Kander & Ebb To Get 1998 Kennedy Center Honors Dec. 6

News   Kander & Ebb To Get 1998 Kennedy Center Honors Dec. 6 Kander & Ebb had a good day Aug. 20. Just hours before the Broadway revival of their Cabaret reopened after a month long layoff, it was announced that the songwriting team who also created Chicago will be among recipients of the 1998 Kennedy Center Honors, honoring lifetime contributions to American culture through the performing arts.

Kander & Ebb had a good day Aug. 20. Just hours before the Broadway revival of their Cabaret reopened after a month long layoff, it was announced that the songwriting team who also created Chicago will be among recipients of the 1998 Kennedy Center Honors, honoring lifetime contributions to American culture through the performing arts.

The songwriting duo have experienced a resurgence in popularity in recent years, due to highly successful revivals of their musicals Chicago and Cabaret. Their most recent original musical, Steel Pier, did not fare as well, closing on Broadway in 1997 after a short run.

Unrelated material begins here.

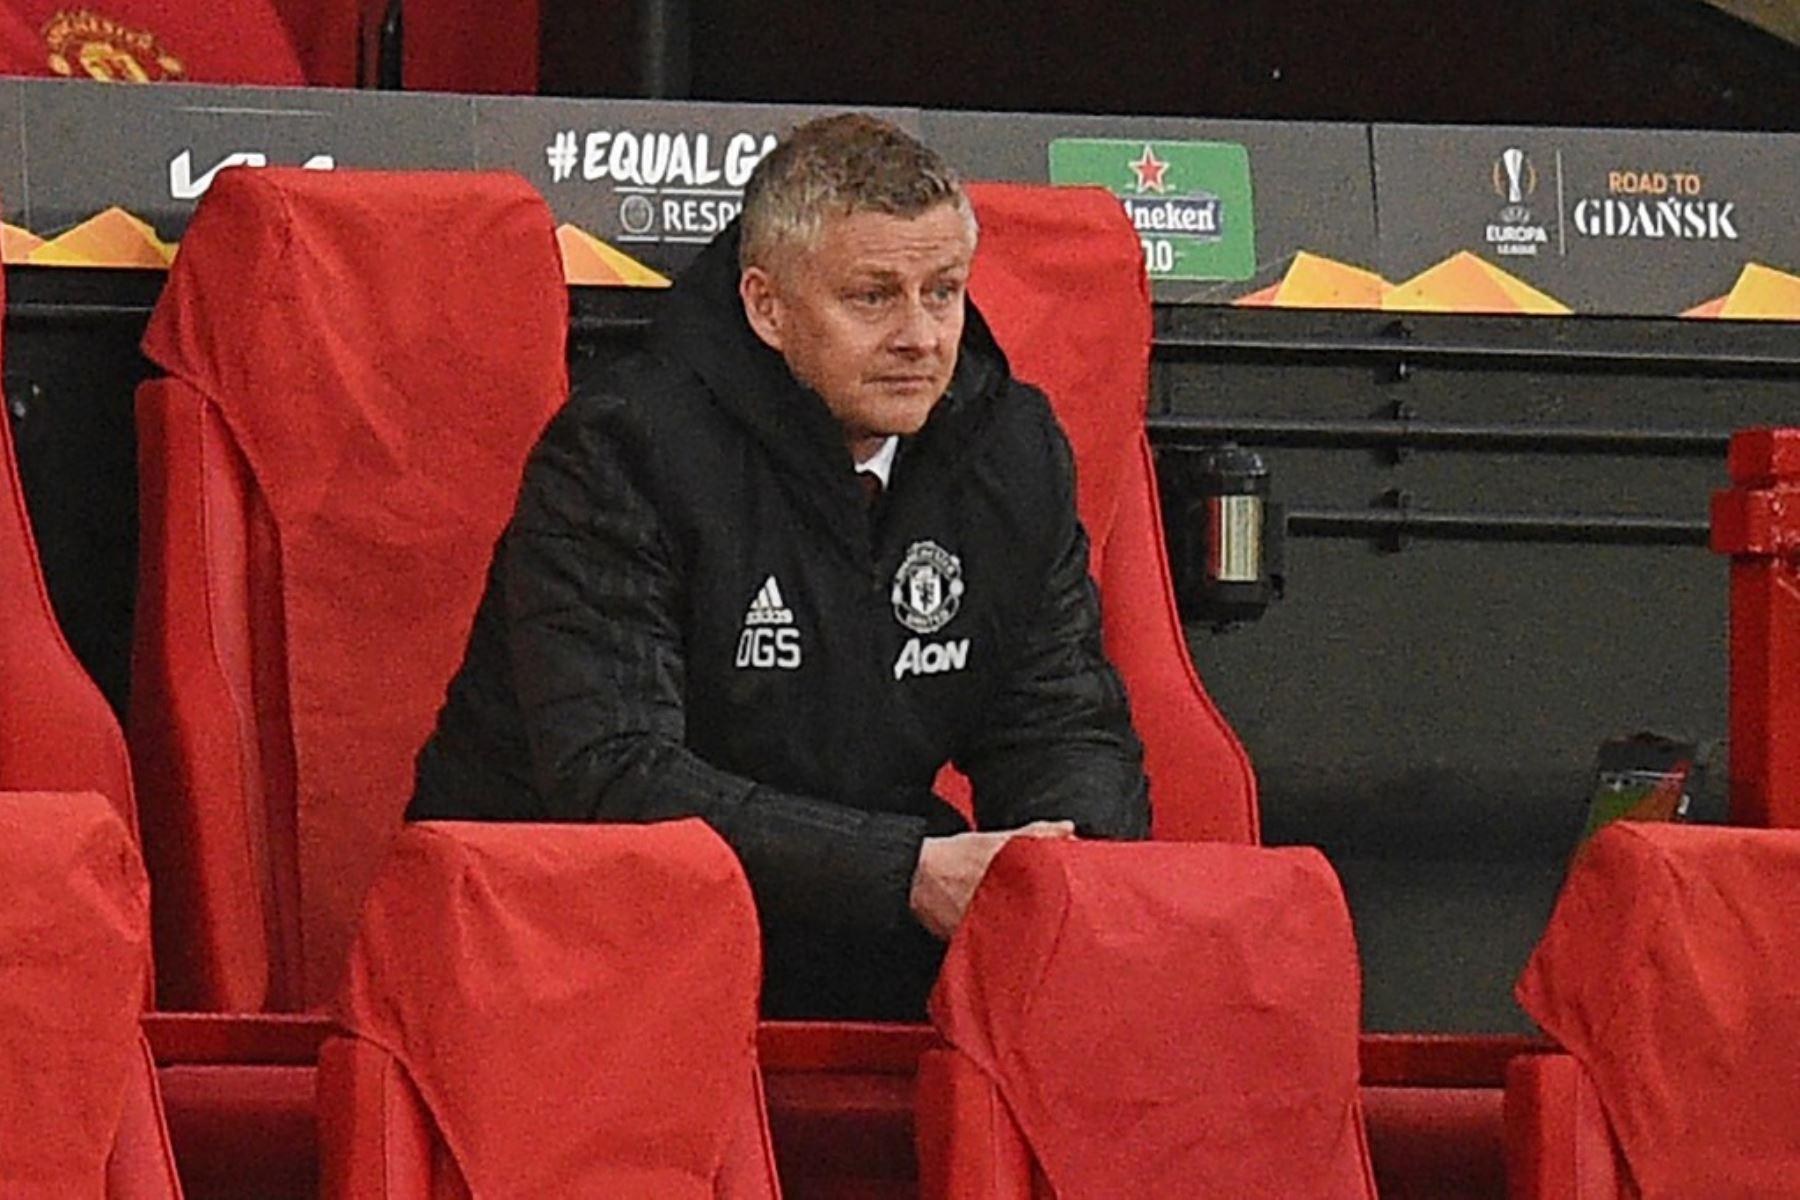 El técnico noruego del Manchester United, Ole Gunnar Solskjaer, observa desde su asiento durante los cuartos de final de la UEFA Europa League, partido de vuelta entre el Manchester United y el Granada.  Foto: AFP

They currently have at least two new musicals in the works -- Over & Over (an adaptation of Thornton Wilder's The Skin of Our Teeth), and a musicalization of the play The Visit.

Kander and Ebb's partnership is one of the longest is American theatre history. Among their creations are Flora, the Red Menace, The Happy Time, 70, Girls, 70, and The Act. The Dec. 6 will include performances of the team's work TBA. Fans will be eager to see whether they include anything from Over & Over, Kander & Ebb's musical adaptation of The Skin of Our Teeth, which is scheduled to have its world premiere at the Signature Theatre in nearby Arlington, VA on Jan. 6.

Ebb (lyrics), 66, is a native of New York City, while Kander (music), 71, hails from Kansas City, MO. Other honorees include Andre Previn, Bill Cosby, Shirley Temple and Willy Nelson. Previn, best known as a symphony conductor, also has some performing arts credits in his background. He is the composer of Broadway's Coco, and was the conductor and/or composer for numerous movie musicals, including It's Always Fair Weather, Paint Your Wagon, Gigi, Porgy and Bess and My Fair Lady. He won Academy Awards for his work on the last three. He's also reportedly working on a opera based on A Streetcar Named Desire.

As an iconic 1930s child star, Temple tapped her way through movies including The Littlest Rebel, Little Miss Broadway and many more, both musical and non-musical.

The honorees will be saluted at the Kennedy Center on Dec. 6, with President and Mrs. Clinton in attendance. The show will be broadcast on CBS at a later date yet to be announced.